É a primeira vez que se observa um efeito como este fora do grupo dos mamíferos, com a particularidade de aqui existir um macho prenho. No entanto, já havia suspeitas que a reprodução desta espécie pudesse ter características especiais. Um trabalho anterior, publicado na revista Nature, tinha demonstrado que os machos que já tinham acasalado com fêmeas grandes produziam menos embriões quando, depois, acasalavam com fêmeas mais pequenas. Mais uma vez, punha-se a hipótese de se tratar de uma poupança de recursos para investir num acasalamento com uma fêmea grande e vistosa.

Parto de uma espécie de marinha, diferente da que esteve na origem deste estudo, partilhado pela Poseidon Aquatics, uma empresa que vende peixes de aquário

Desde o mestrado e, depois, durante o doutoramento, Nuno Monteiro estuda várias espécies de marinhas, em particular as mais comuns no Norte de Portugal (Nerophis lumbriciformis e Syngnathus abaster). “Na altura fiquei fascinado com o fenómeno de gravidez masculina e a reversão dos papéis sexuais”, conta o investigador. Durante muito tempo julgou-se que a seleção sexual acontecida antes da cópula, com as fêmeas (ou, neste caso, os machos) a escolherem os parceiros que lhes pareciam mais fortes, mais vistosos ou melhor adaptados. Mas a investigação tem demonstrado que existe seleção sexual pós-cópula. “Sempre imaginei que, dada a complexidade do fenómeno da gravidez masculina, deveria existir algum mecanismo de seleção sexual pós-cópula que ainda não havia sido descoberto.”

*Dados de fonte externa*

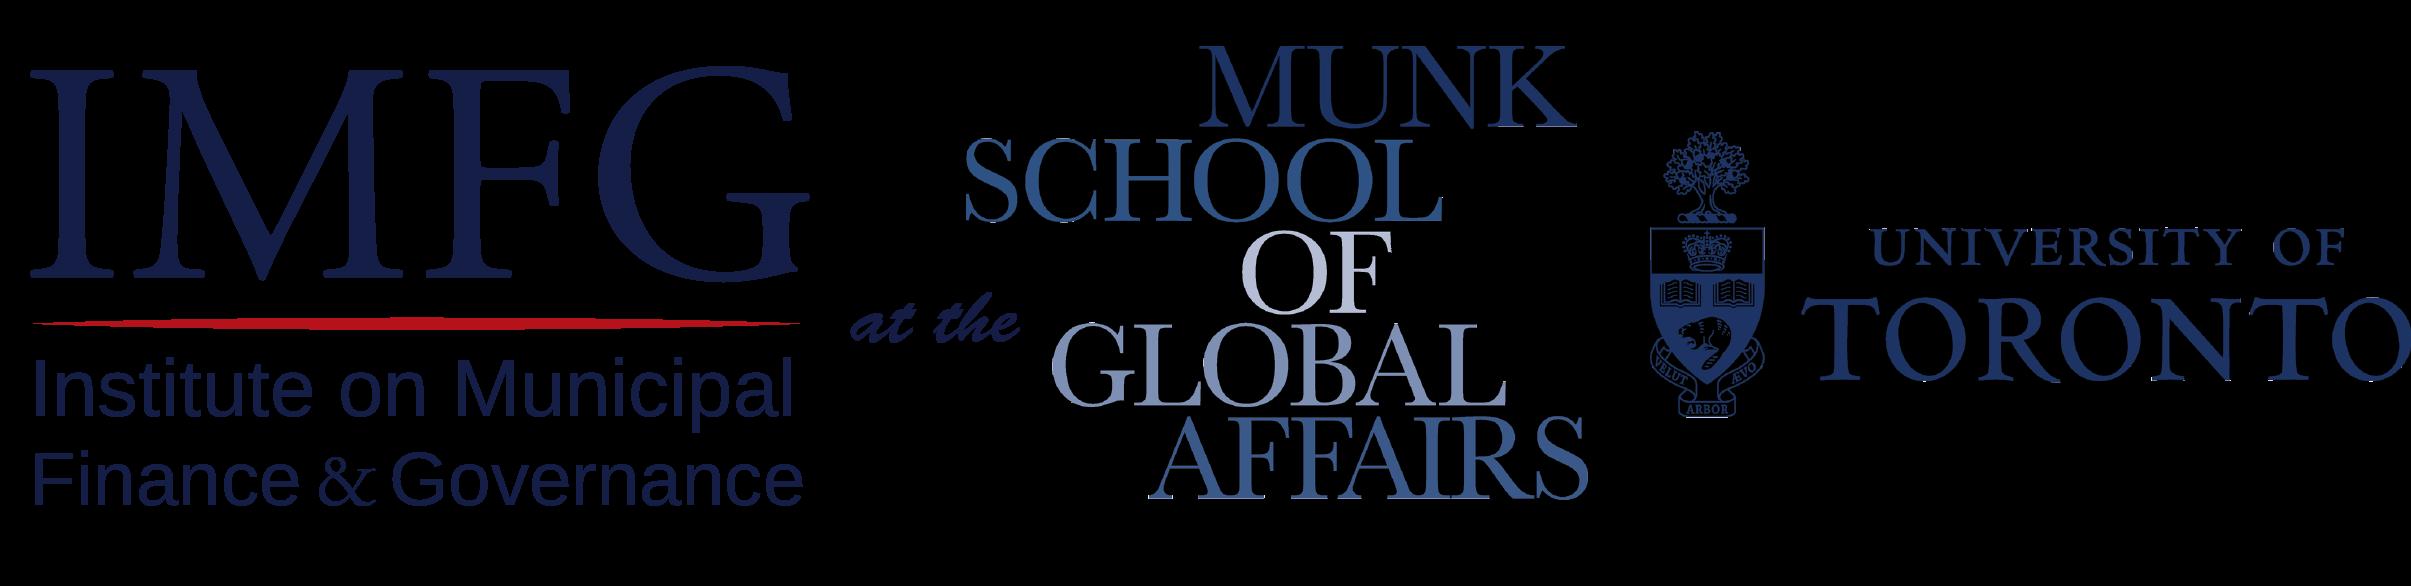 IMFG 3 logos

“Se um macho tem a capacidade de exportar nutrientes para os embriões em desenvolvimento no marsúpio [bolsa], deveria ter também a capacidade de o modular, caso isso fosse benéfico em termos de sucesso reprodutivo”, acrescentou o investigador.

No futuro, Nuno Monteiro quer compreender com detalhe o efeito “mulher de vermelho”, como os picos hormonais e os genes a serem expressos ou reprimidos quando comparados com uma gravidez normal. Mas para isso precisa de financiamento. Coisa que não tem sido fácil. Foi exatamente por não ter conseguido financiamento em 2010 e 2011 (e agora em 2018) que a equipa teve de limitar o projeto de investigação àquilo que era possível fazer sem apoios.

Mas por que é importante estudar a reprodução deste grupo de animais? “Essa é uma pergunta difícil de responder, para a qual nunca estamos preparados”, admite o investigador. “Em termos de biologia evolutiva, é importante a descoberta de um novo mecanismo de seleção”, refere, pensando na importância que tem para a ciência. Mas acrescenta que a gravidez dos peixes machos tem muitas semelhanças com as dos mamíferos com placenta, como o homem, incluindo no tipo de genes envolvidos. “Estas criaturas podem ser modelos muito interessantes para uma nova visão sobre a gravidez e desenvolvimento.”